Dynamic: license-file

# AgentBOM

![CI](https://github.com/vlcak27/agentbom/actions/workflows/ci.yml/badge.svg)
![PyPI](https://img.shields.io/pypi/v/ai-agentbom)
![Python](https://img.shields.io/pypi/pyversions/ai-agentbom)
![License](https://img.shields.io/badge/license-MIT-blue)

Offline bill of materials and attack surface analysis for AI agent repositories.

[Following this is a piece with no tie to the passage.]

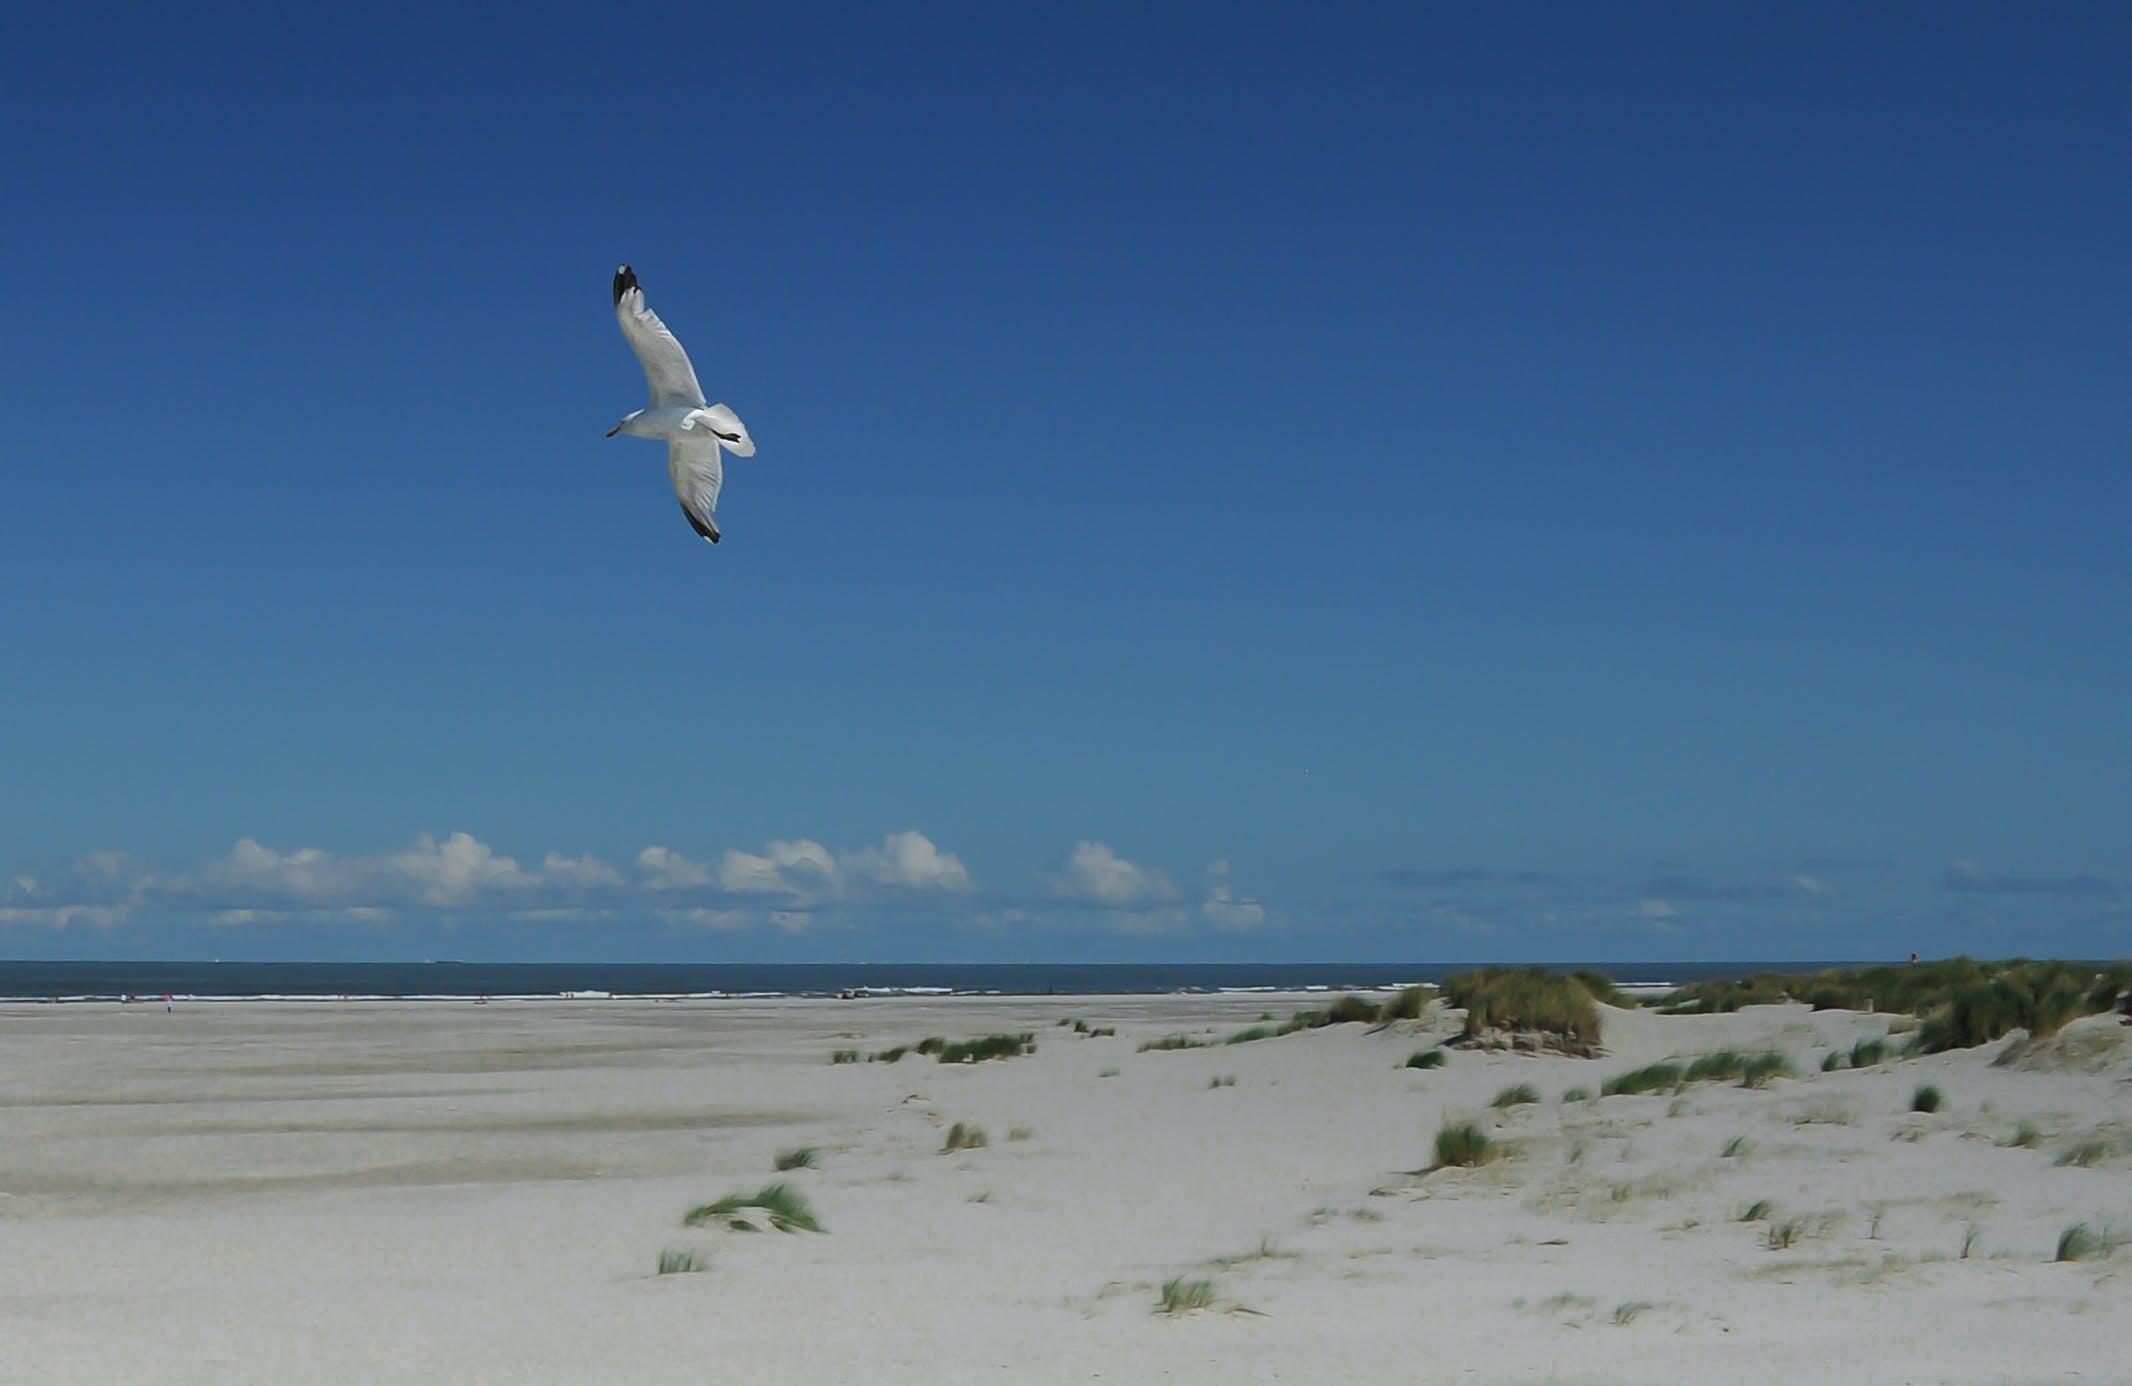 Kostenloses Stock Foto zu vogel, fliegen, strand, möwe

AgentBOM helps reviewers answer a practical question: what AI providers, model
identifiers, frameworks, prompts, MCP configuration, and sensitive capabilities
exist in this agent repository, and which of those capabilities appear reachable
from an AI actor?

It does not execute scanned code, import scanned modules, read secret values, or
require network access.

![AgentBOM HTML report preview](docs/assets/html-report-preview.svg)

## Quickstart

Install from PyPI:

```bash
pip install ai-agentbom
```

Scan a repository:

```bash
agentbom scan . --pretty
```

Generate shareable review artifacts, including HTML for humans, Mermaid for
architecture review, and SARIF for GitHub code scanning:

```bash
agentbom scan . --output-dir agentbom-report --html --mermaid --sarif --pretty
```

Typical output:

```text
Wrote agentbom-report/agentbom.json
Wrote agentbom-report/agentbom.md
Wrote agentbom-report/agentbom.html
Wrote agentbom-report/agentbom.mmd
Wrote agentbom-report/agentbom.sarif
Risk: high (70/100)
```

![AgentBOM quickstart terminal demo](docs/assets/terminal-demo.svg)

## MCP Security Analysis

MCP servers can give an agent access to local files, command execution,
browsers, databases, cloud APIs, and env-backed services. AgentBOM v0.6.0 maps
those configured servers, records safe metadata, and connects MCP tool exposure
to agent framework or prompt context for review.

Try the MCP demos:

```bash
agentbom scan examples/mcp-safe-agent --output-dir agentbom-report/mcp-safe --html --mermaid --sarif --pretty
agentbom scan examples/mcp-risky-agent --output-dir agentbom-report/mcp-risky --html --mermaid --sarif --pretty
agentbom scan examples/mcp-risky-agent --policy examples/policies/mcp-policy.yaml --output-dir agentbom-report/mcp-policy --html --mermaid --sarif --pretty
```

AgentBOM does not execute MCP servers, contact networks, or store env values.
Findings are review signals, not proof of exploitability. See
[`docs/mcp-security-analysis.md`](docs/mcp-security-analysis.md).

## Why AgentBOM

AI agents combine model output with software capabilities. A dependency list,
generic SBOM, or general static analyzer can tell you that code imports a
package or calls a risky API, but it usually does not explain whether an agent
framework, model identifier, prompt, or MCP configuration appears connected to
that capability.

AgentBOM makes that review repeatable:

- maps AI-specific components: providers, statically detected model identifiers,
  frameworks, prompts, and MCP configuration
- analyzes MCP server definitions from JSON config, including command, args,
  transport, package or binary, env variable names, and risk categories
- connects agent actors to reachable capabilities such as shell, code execution,
  network, database, cloud, and MCP tool invocation
- records source paths, confidence, and rationale for review
- produces deterministic JSON plus human-readable Markdown and HTML
- exports Mermaid for attack-surface review and SARIF for GitHub code scanning
- runs offline with zero telemetry and no runtime dependencies

Findings are review signals, not exploit claims.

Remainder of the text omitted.